Any person taking leave under this act is entitled to the following upon return from leave: to be restored to the position he or she held when leave started; or to be restored to an equivalent position with equal benefits, pay and other terms and conditions of employment at a workplace within 20 miles of the employee's workplace when leave commenced. Employees maintain all employment benefits accrued before leave was taken.

During the leave period, if the employee is not eligible to receive employer-paid benefits, the employee may opt to continue the benefits at the employee's expense. The premium paid by the employee cannot exceed 102 percent of the applicable premium for the leave period.

An employer cannot discharge or discriminate against any employee who takes leave under this act.
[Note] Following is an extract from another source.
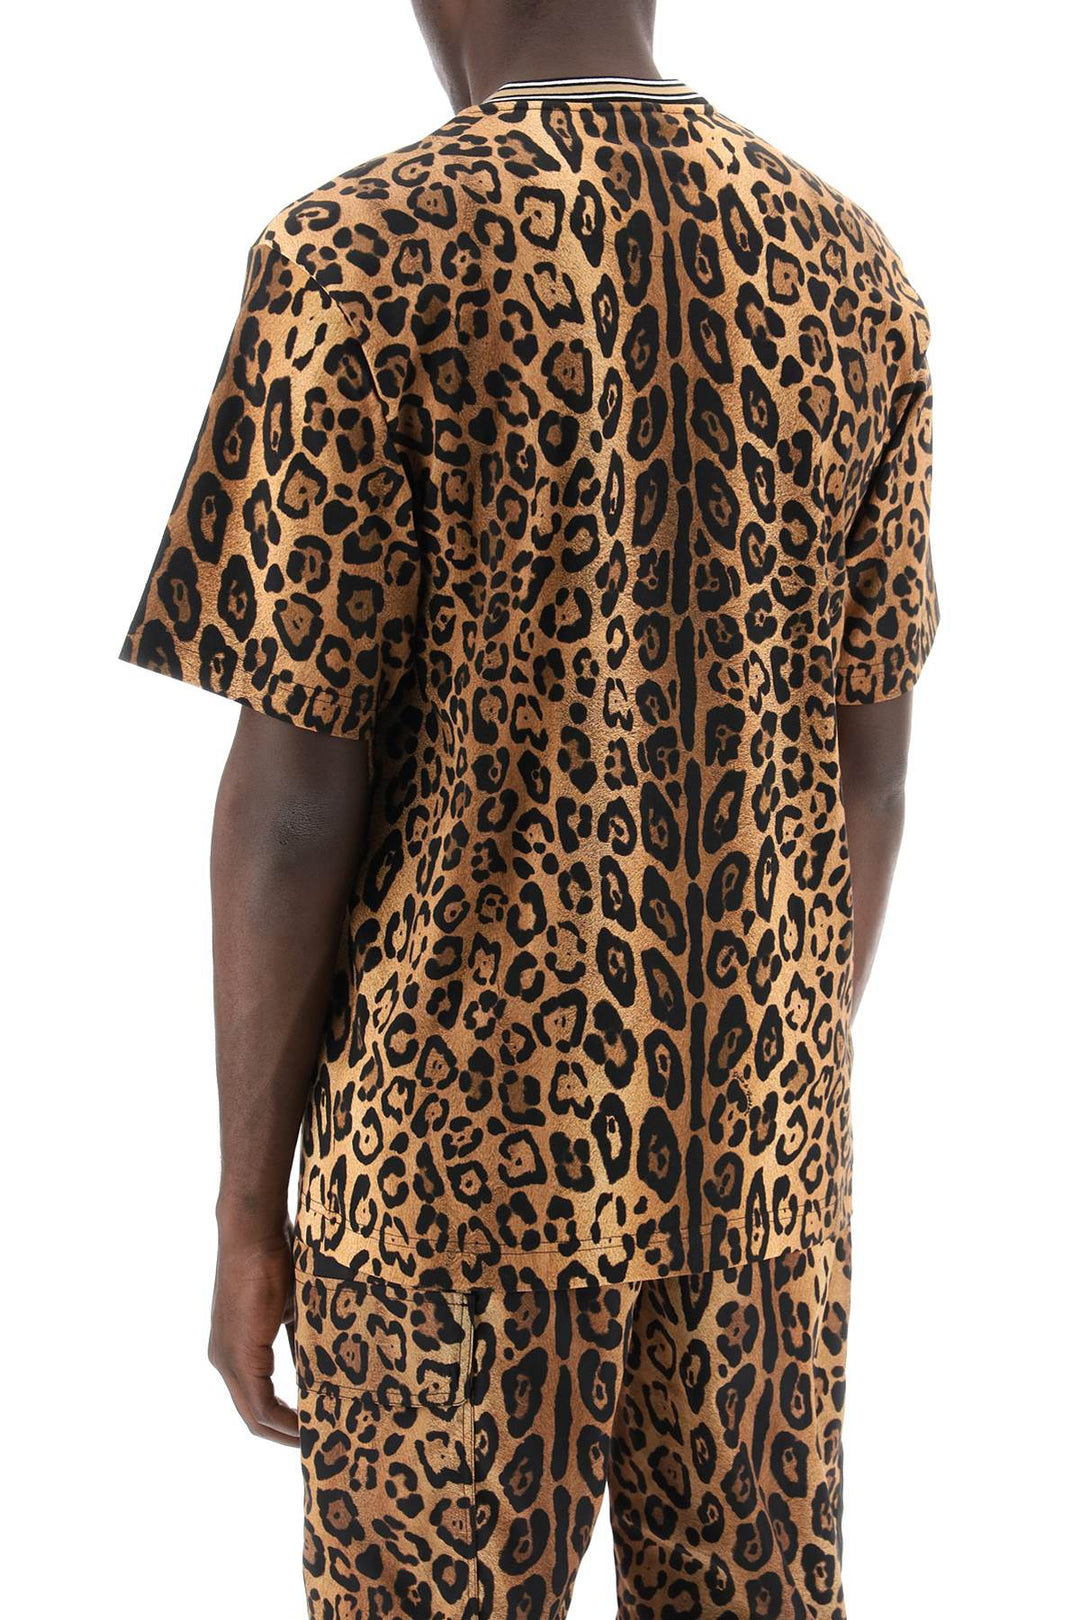 Dolce & gabbana leopard print t-shirt with-2

The director of the Department of Labor and Industries (L&I) is required to investigate any complaint under this act. Any employer found to have violated the act after an investigation is subject to a civil penalty of at least $1000 per violation. These penalties are collected by L&I and deposited into the family and medical leave enforcement account, which is created in this act. Employees may also bring suit directly against the employer for violation of this act and could recover damages equal to the amount of wages, benefits, salary or other compensation lost or denied as a result of the violation or any actual monetary losses as a result of the violation up to a sum equal to 12 weeks of the employee's wages or salary.

Employers are required to post notice of the provisions of this act. Willful failure to post this notice could subject an employer to a civil penalty of $100 per violation.

Leave under this act and leave under the federal act are in addition to any sick or temporary disability leave provided because of pregnancy or childbirth. Leave must be taken concurrently with leave under the federal FMLA.

Substitute Bill Compared to Original Bill: Domestic partners are removed from coverage of the act. The definition of employer is changed to those who employ 50 or more persons.

Appropriation: None.

Fiscal Note: Available.

Committee/Commission/Task Force Created: No.

Effective Date: Ninety days after adjournment of session in which bill is passed.

Testimony For: Studies have repeatedly shown that the majority of companies do not have problems with the federal Family and Medical Leave Act. FMLA provides unpaid leave to about 60 percent of the workforce. Since 1993, the economic, social, and demographic trends that led to the FMLA have continued and made extending protections even more important. Many states have responded by extending protections to more workers. Dropping the employer threshold to 25 would provide critical protections to 330,000 additional Washington workers. Adding domestic partners recognizes changing family patterns and is already standard practice among many Washington employers. It is difficult to motivate employees by denying them the ability to take time off for illness of themselves or their family members. Family leave takers are more likely to return to work.

Testimony Against: This change in policy should be market driven not policy driven. These changes to family leave will make Washington less attractive to business. If this bill was only to insert the federal FMLA requirements into state law, it could probably be supported by business, but adding the requirement that the bill would apply to employers who have more than 25 employees and including domestic partners is more difficult for business to support because of the breadth of employers that would now be required to provide family leave.

Who Testified: PRO: Sharon Lobel, Professor of Management, Seattle University; Steve Olson, Olympia Child Care Center; Sharon Ness, United Food and Commercial Workers No. 141; Pam Crone, WSLC; Jerri Wood, Washington State Alliance for Retired Amercians; Marlilyn Watkins, Economic Opportunity Institute.

CON: Mark Johnson, Washington Retail Association; Kris Tefft, Association of Washington Business; Carolyn Logue, NFIB.